Although the term of protection of an invention patent is 20 years, which is longer than that of a new type patent, which is 10 years, the time of approval is 12 to 18 months on average after the filing of a request for physical examination, which is much longer than that of a new type patent which requires only a formal examination and can be granted in 3 to 6 months. However, if you only apply for a new type patent, although you can quickly obtain the protection of your rights, the degree of protection is relatively low and the exclusivity effect is relatively weak. Therefore, one case with two applications that can carry out the succession of rights becomes the best choice to take into account the life cycle of the product, promotion and marketing, and the protection of your rights. Therefore, the ability to file two petitions in one case is the best choice for product life cycle, marketing and rights protection.
As can be seen from the above chart, the approval of a new type patent is faster, and the creation can be protected by the new type patent right after the publication of the new type patent. Due to the exclusivity of patents, based on the principle that a creation cannot be granted two patents repeatedly, the Office of the Taiwan Intellectual Property Office (TIPO) will notify the applicant to choose between retaining the new type patent or obtaining the patent for the invention before the approval of the patent for the invention, and if the applicant chooses to obtain the patent for the invention, the original new type patent will be extinguished from the publication date of the patent for the invention. If the applicant chooses to obtain a patent for the invention, the original patent for the new type of invention will be extinguished from the date of publication of the patent for the invention, and the corresponding creation will be protected by a patent for the invention, without affecting the applicant's rights.

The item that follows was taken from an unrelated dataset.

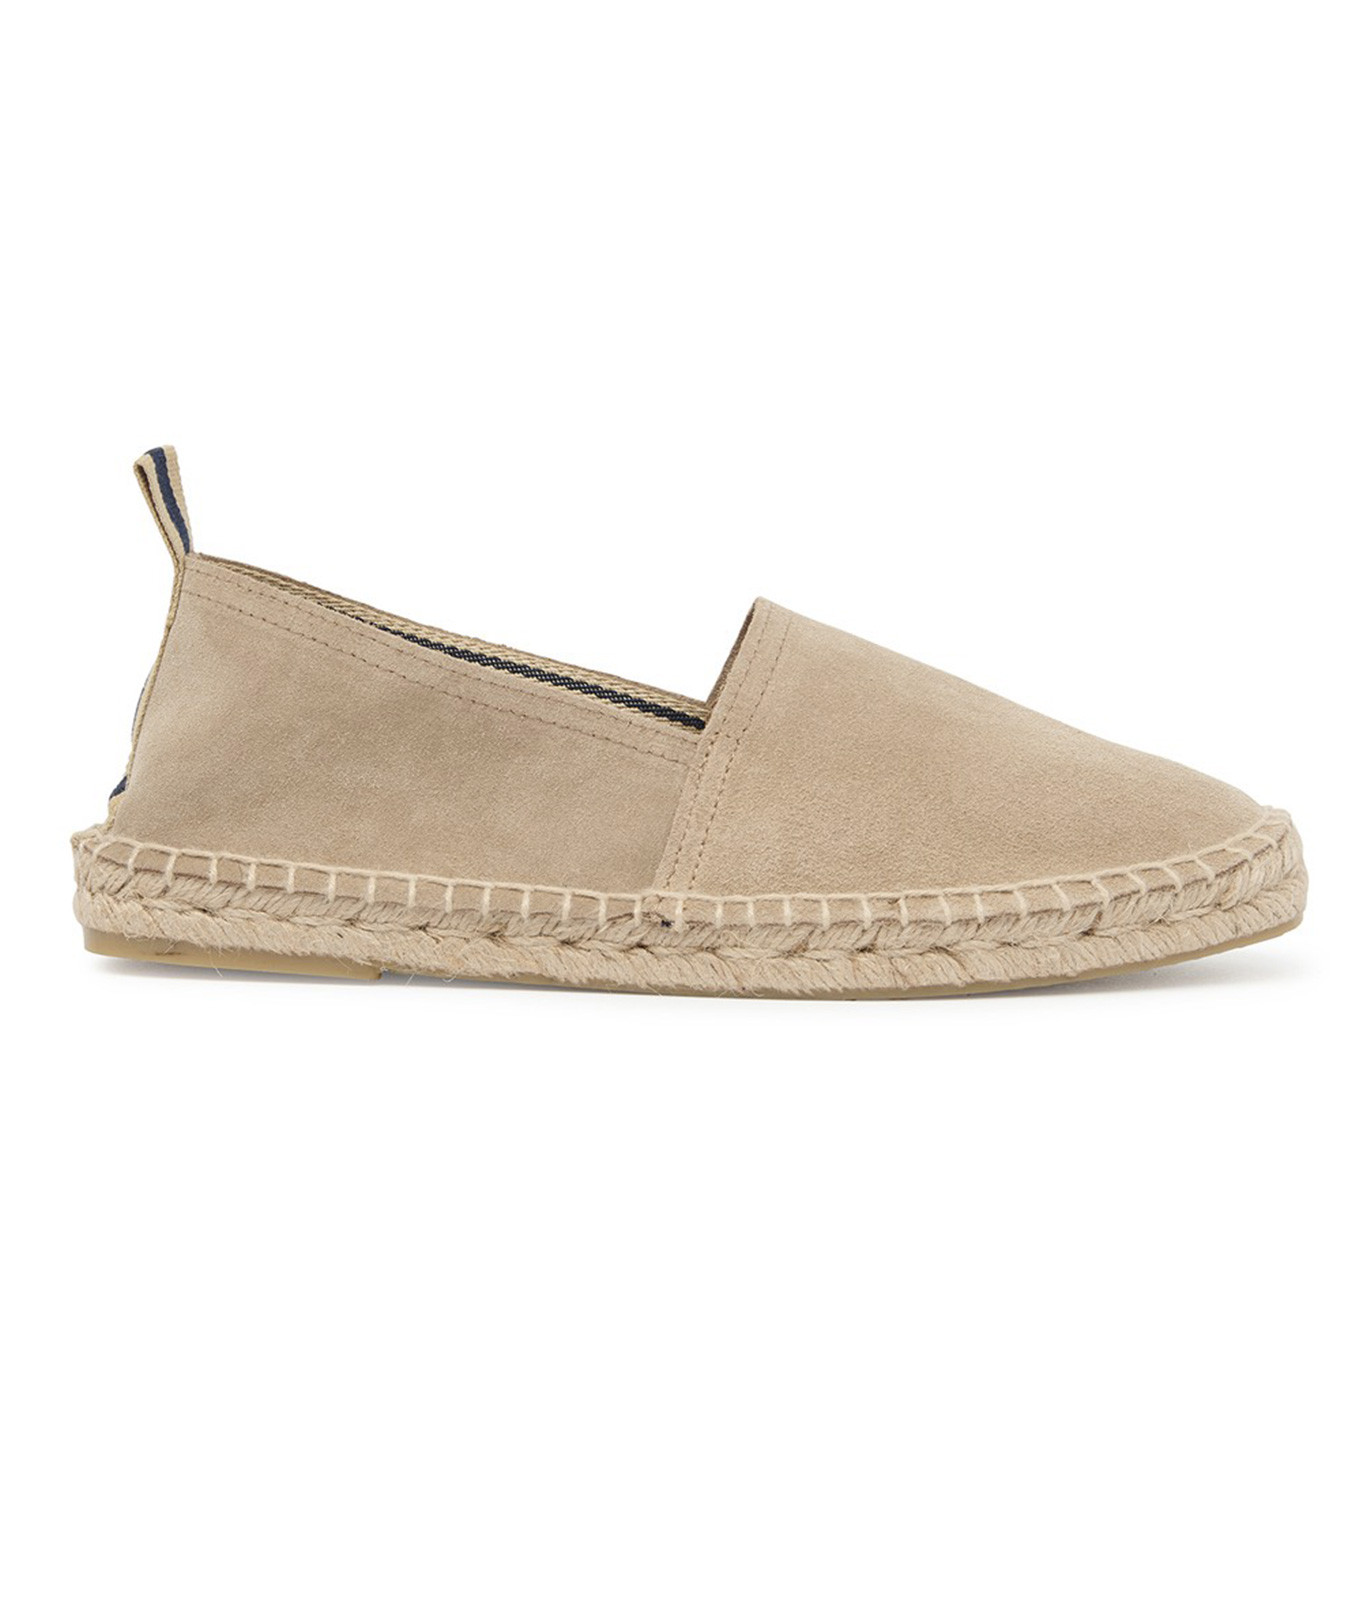 Leather crust espadrilles for mens

3. Advantages of dual filing
(1) Taking into account the speed of the new patent and the wide range of invention patents, it is possible to obtain the protection of the new model patent in a relatively short period of time, and then convert it into an invention patent with a longer protection period.
(2) Compared with a person who only applies for an invention patent, the patentee can set up a pledge and authorize others earlier, and there is further protection for both the pledgee and the licensee because of the right succession system.

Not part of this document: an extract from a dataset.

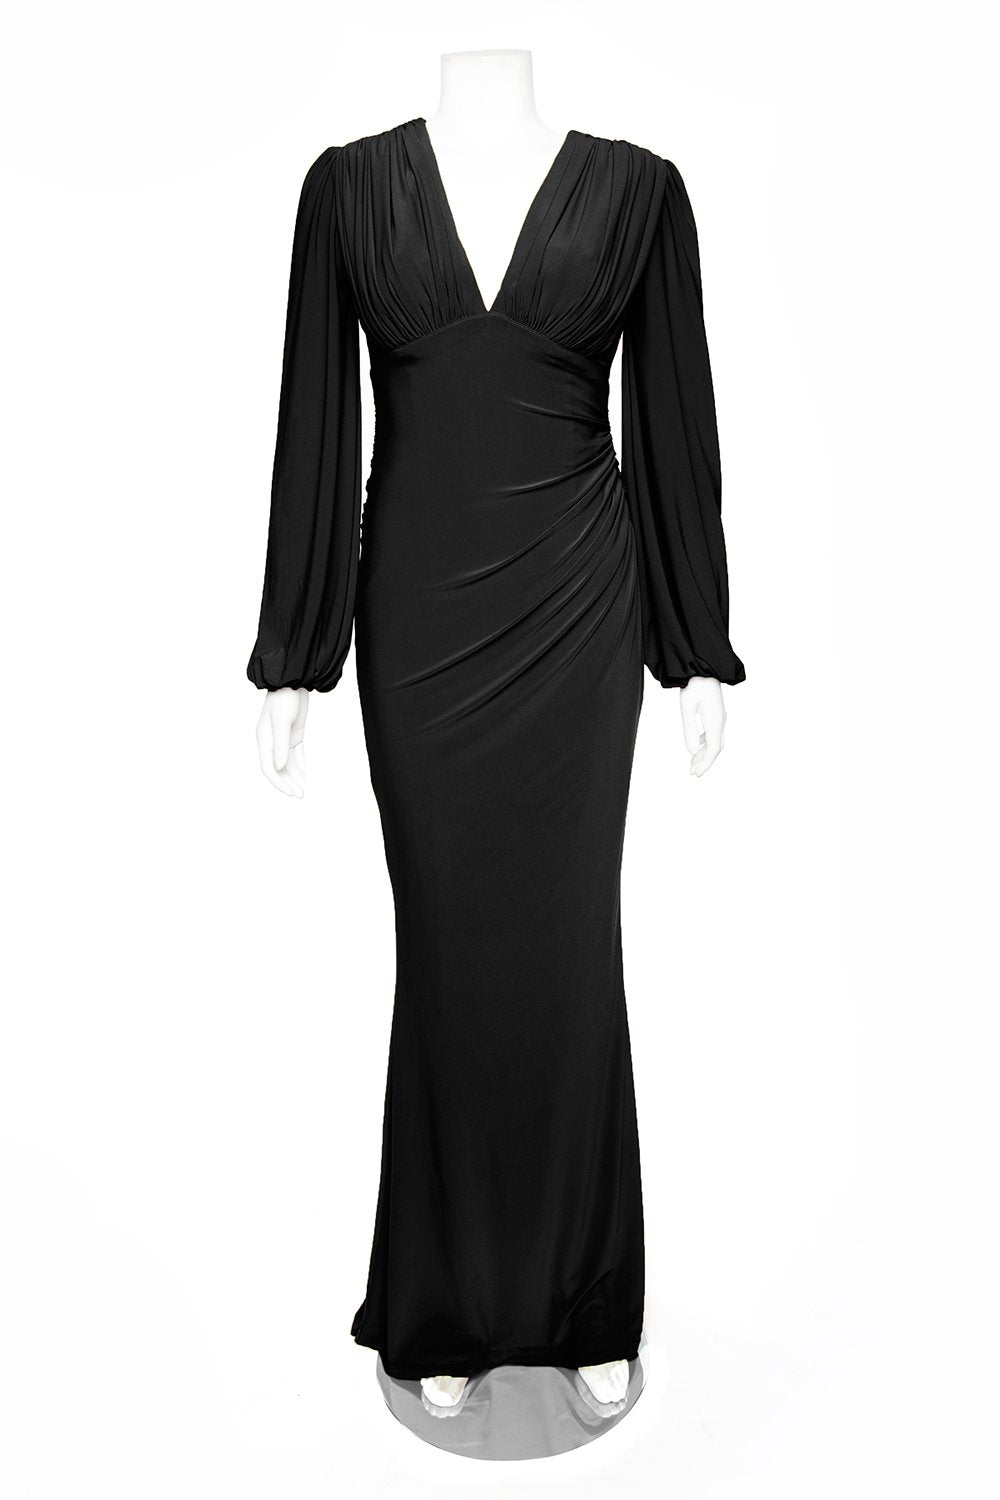 Laura Byrnes California Gia Gown in Black

(3) Before the approval of the invention patent, if the market situation is not ideal, the applicant can also choose to give up the patent for invention and still retain the patent right of the new model, so that the cost control is flexible.

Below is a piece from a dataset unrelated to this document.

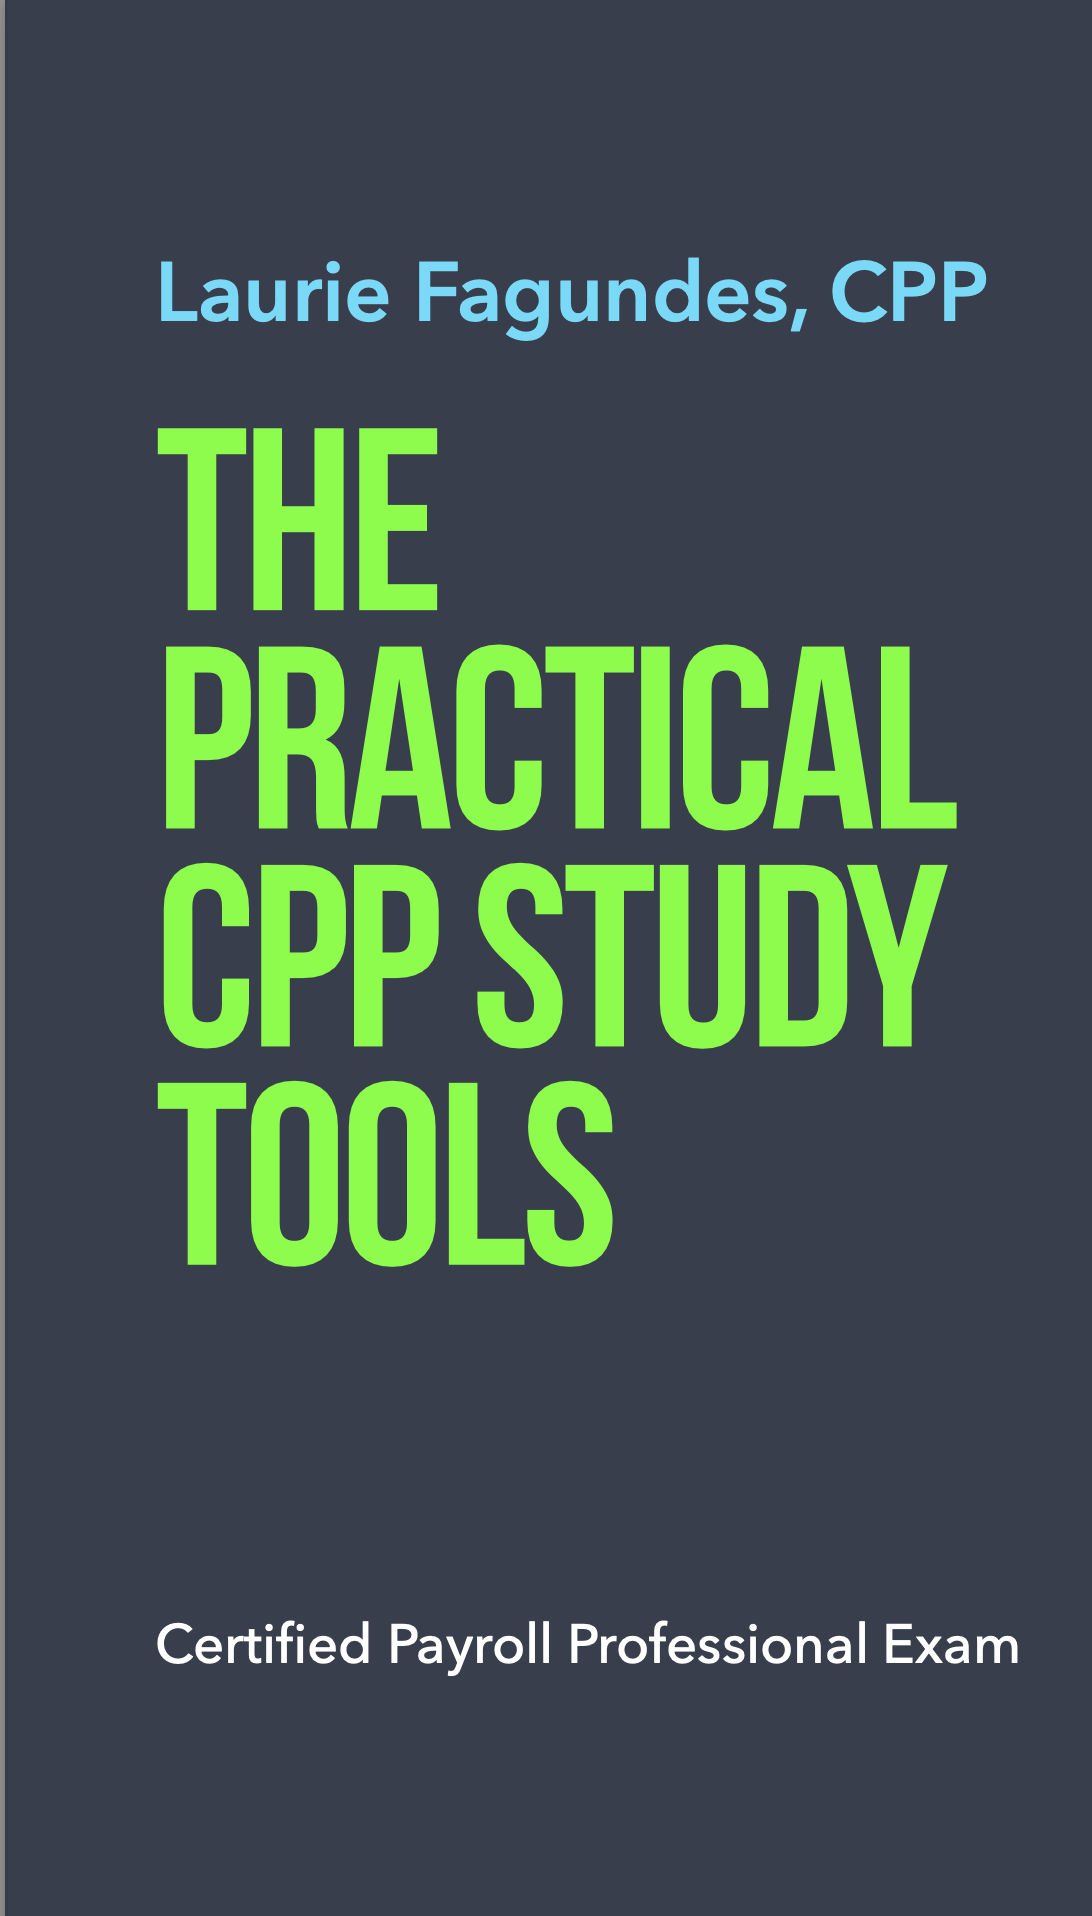 Practical CPP Study Tools

4. Restrictions of dual filing
(1) The cost is more expensive. Since it is necessary to apply for both the invention and the model patent, and the patent drafting method for the invention and the model model is different, the fees and government fees for the two applications in one case are higher than those for the invention or model patent alone.
(2) Article 32 of the Patent Law stipulates that two applications for invention and model must be filed separately by "the same person", "on the same date" and "for the same creation", and that the applications must be "separately declared".
A. "Same person" means that the invention and the applicant for the utility model at the time of the patent application must be identical; Similarly, the time points of the notification deadline, the approval of invention patents, and the announcement of invention patents must be exactly the same as those of the invention patent applicant and the model patentee. Similarly, if an assignment is required before the approval of an invention patent, the invention and utility model patent need to be assigned together.
B. "Same date" includes the filing date and the priority date, and if the applicant wants to claim priority, the priority date of the invention and the model must be the same.
C. The same creation means that at least one of the patent applications for inventions and new models must be the same.
D. "Separate declaration" means that for invention and model applications applied separately, it is necessary to declare two applications for one case at the time of application, and if there is no declaration at the time of application, no additional declaration shall be made, and the invention application will be rejected by the Intellectual Property Bureau.
E. If the utility model patent has been extinguished or revoked before the approval of the invention patent, it means that the subject matter protected by the utility model patent has become public property, and there is no reason to grant public wealth to private individuals, nor can it meet the conditions for the utility model patent to be extinguished at the same time from the date of publication of the invention.